What these farming communities need, above
all else, is increased public investment in rural roads, electrical
power, irrigation, clinics, schools, and agricultural research. But in
recent decades, most African governments failed to make these
investments because of a lack of international support. Between 1978 and
2006, the share of World Bank loans that went to agricultural
development fell from 30 percent to only 8 percent.
The United
States has also reduced its aid to small farmers since the 1980s. U.S.
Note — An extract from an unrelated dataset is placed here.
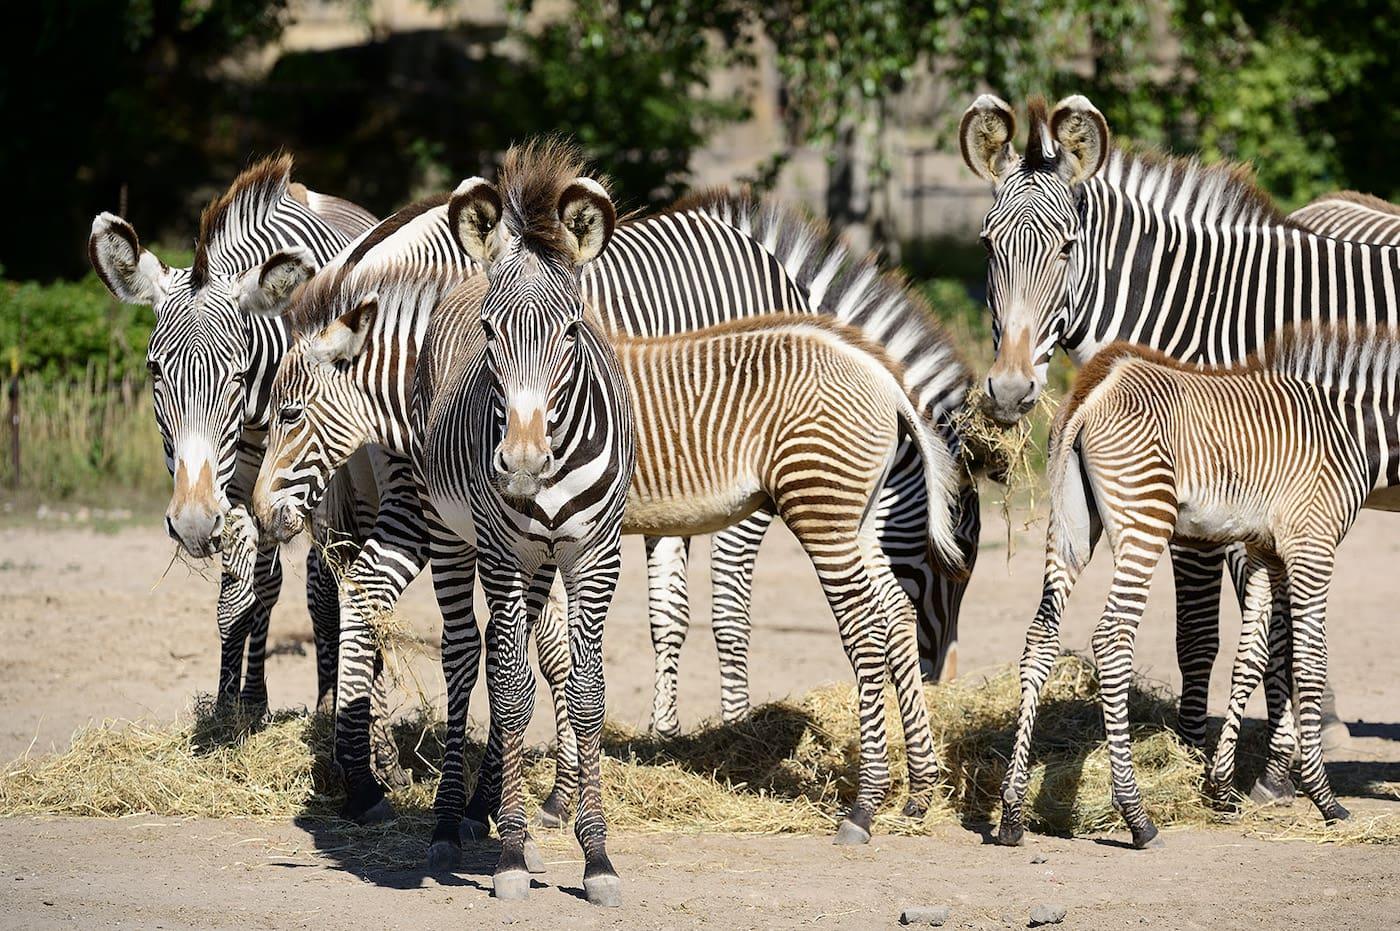 Safari im Tierpark Berlin für Familien mit Kindern in Berlin // HIMBEER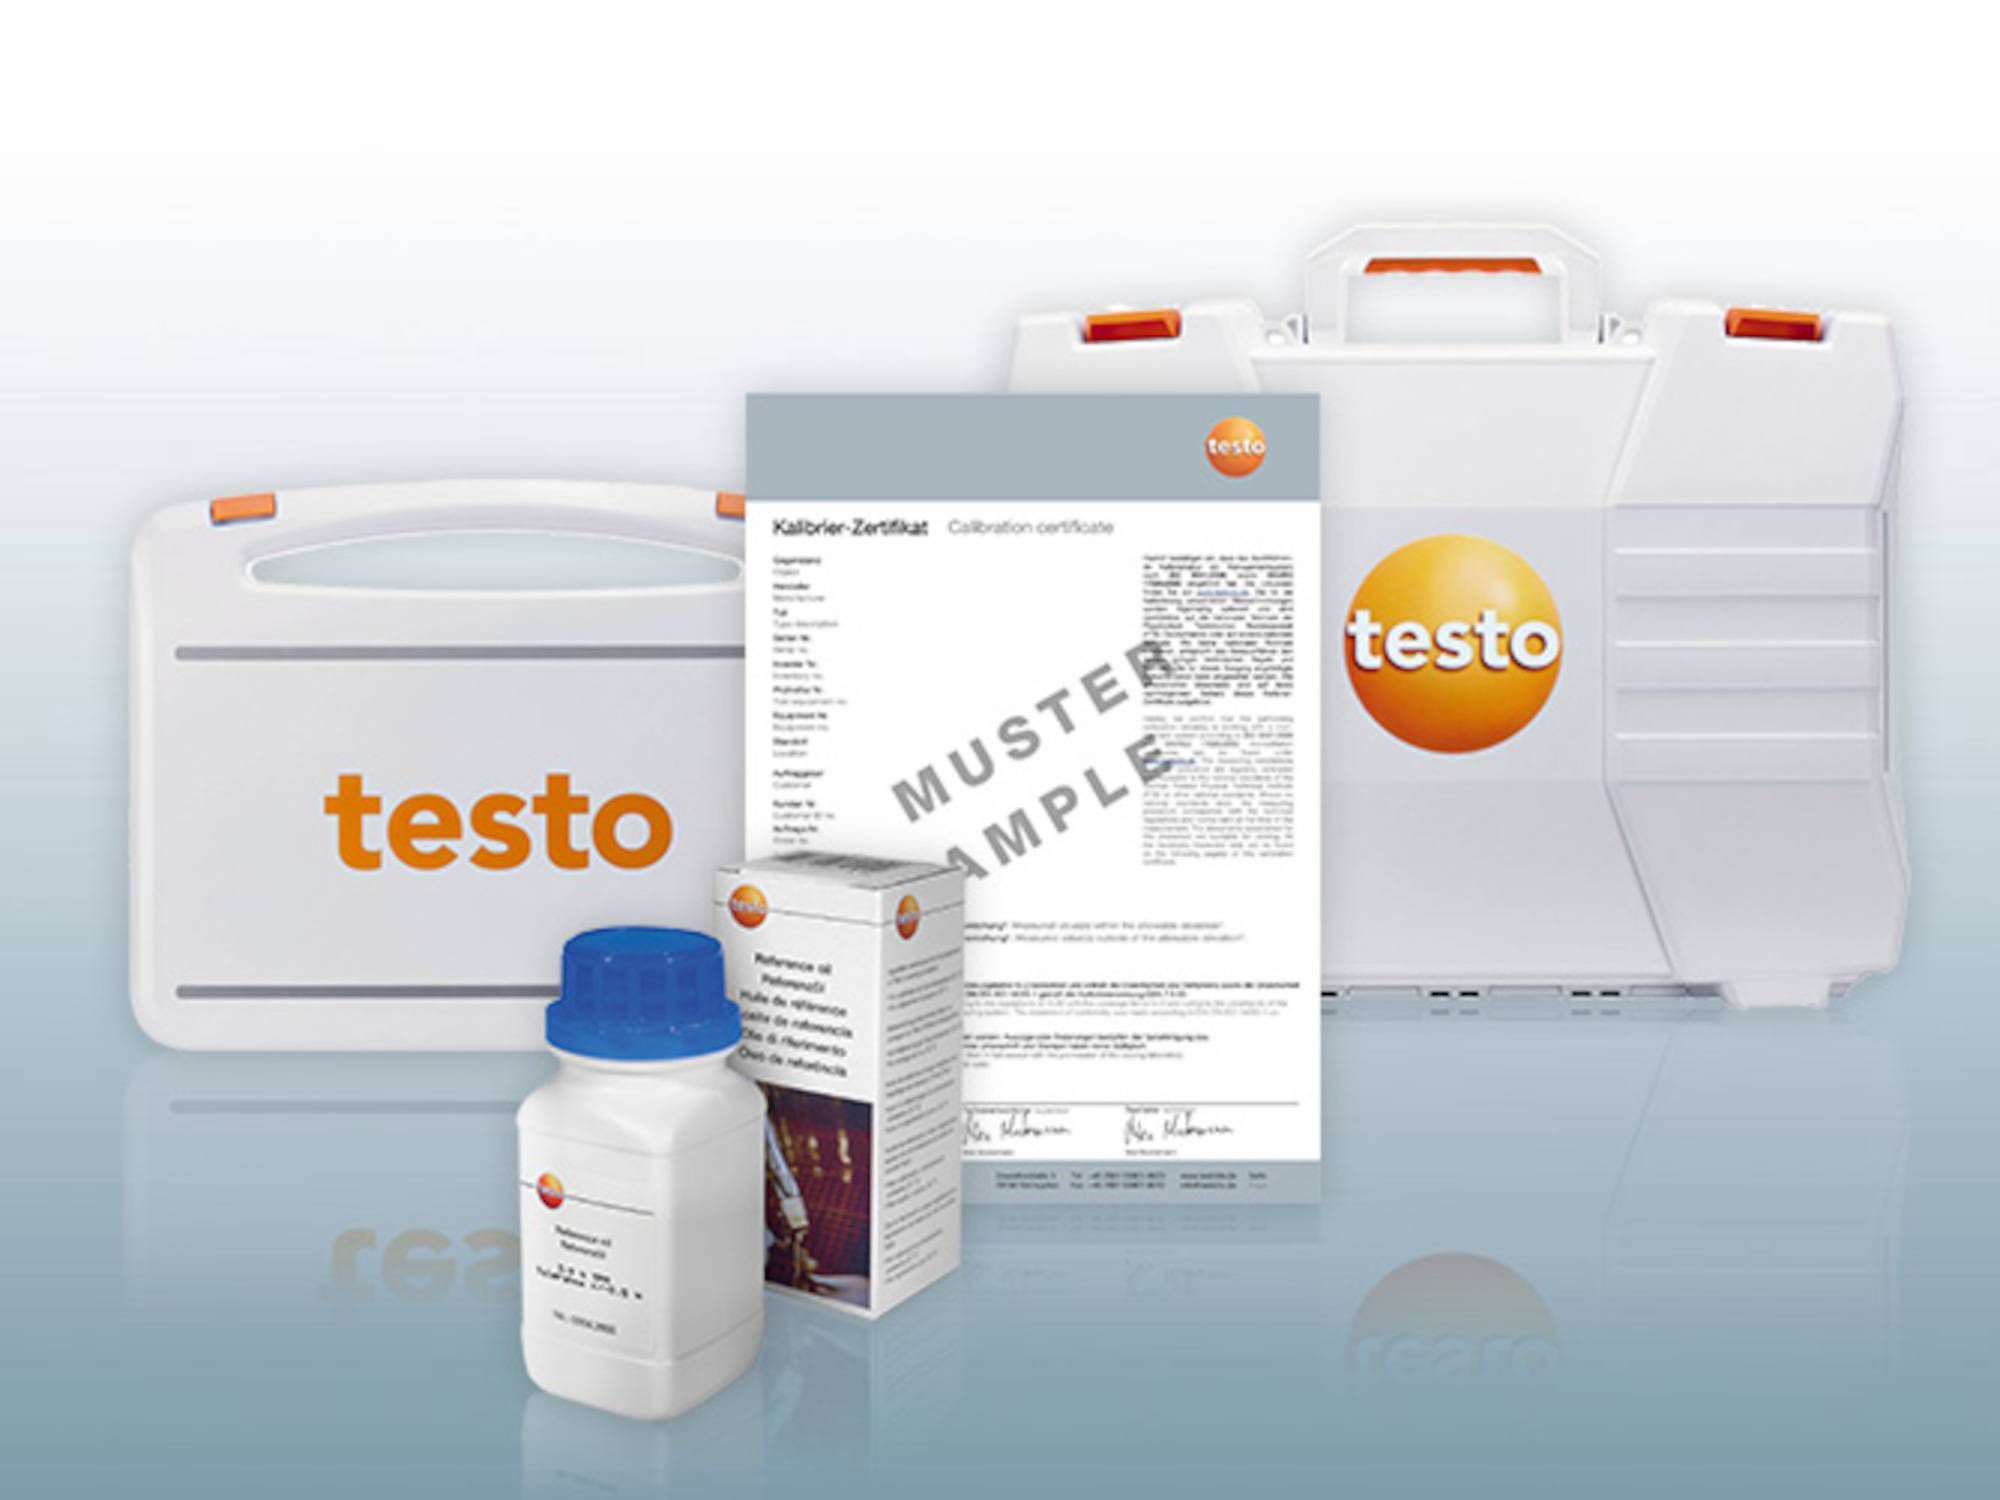 testo270煎炸油品质检测仪附件标定油

official development assistance to agriculture in Africa fell from $400
million annually in the 1980s to only $60 million by 2006. The political
right promoted this abandonment of agricultural-development assistance
on the erroneous assumption that private investment alone could do the
job. The political left went along on the equally erroneous belief that
modernizing African farming might be bad for social justice and the
environment.
As international donors walked away from long-term
agricultural-development efforts in Africa, per capita food production
fell, leading predictably to an even greater need for emergency food
aid. By 2006, perversely, the United States was spending 20 times as
much shipping free food to Africa as it was spending to help Africans
produce their own food.
A shock of much higher world food prices
in 2008 finally led donors to promise revived support for Africa's
smallholder farmers. President Obama announced in 2009 that he would ask
Congress for a doubling of U.S. agricultural-development assistance
worldwide, up to more than $1 billion by 2010. Later that year, at a
summit meeting of the G8, he convinced the world's rich nations to
pledge $22 billion collectively over three years to promote food
security and agricultural development. By 2010, however, donors in
Europe were facing a debt crisis, opted for budget austerity, and began
backing away from these promises.
In the United States, the right
- and the Tea Party movement, in particular -- began demanding budget
cuts as well. In fiscal year 2011, Congress accordingly cut the expected
U.S. contribution to a new Global Agricultural Food Security Program
from $400 million down to only $100 million. And now a House
Appropriations subcommittee has just cut FY 2012 funding for the Obama
Administration's Feed the Future program by 18 percent. Only about half
of 1 percent of our federal budget goes to poverty-focused foreign aid,
so cutting these programs will have no significant budget impact at home
-- only damaging humanitarian effects abroad.
In Somalia, if
these effects are to be prevented from cascading into a full-scale
disaster of the kind the country suffered through in the 1990s, the
international community will have to focus as much effort as possible,
as quickly as possible, where we can be most effective. This will mean
covering shortfalls to protect current WFP feeding operations in the
Horn of Africa. But also, especially from the United States, it will
mean delivering on promised support for farming across Africa (which in
turn will depend on Congressional appropriations committees feeling as
much pressure as the U.S. public can muster that they deliver on this
promised support). Around the Horn of Africa today, roughly 11 million
people face food risks, while on the continent as a whole there are now
an estimated 390 million Africans consuming less than the nutritional
target of 2,100 calories per day. Most of these hungry people are
farmers. Understanding what they need for a sustainable response to the
food crisis they face, and responding to that need directly, will be the
pivotal challenge in alleviating African famine.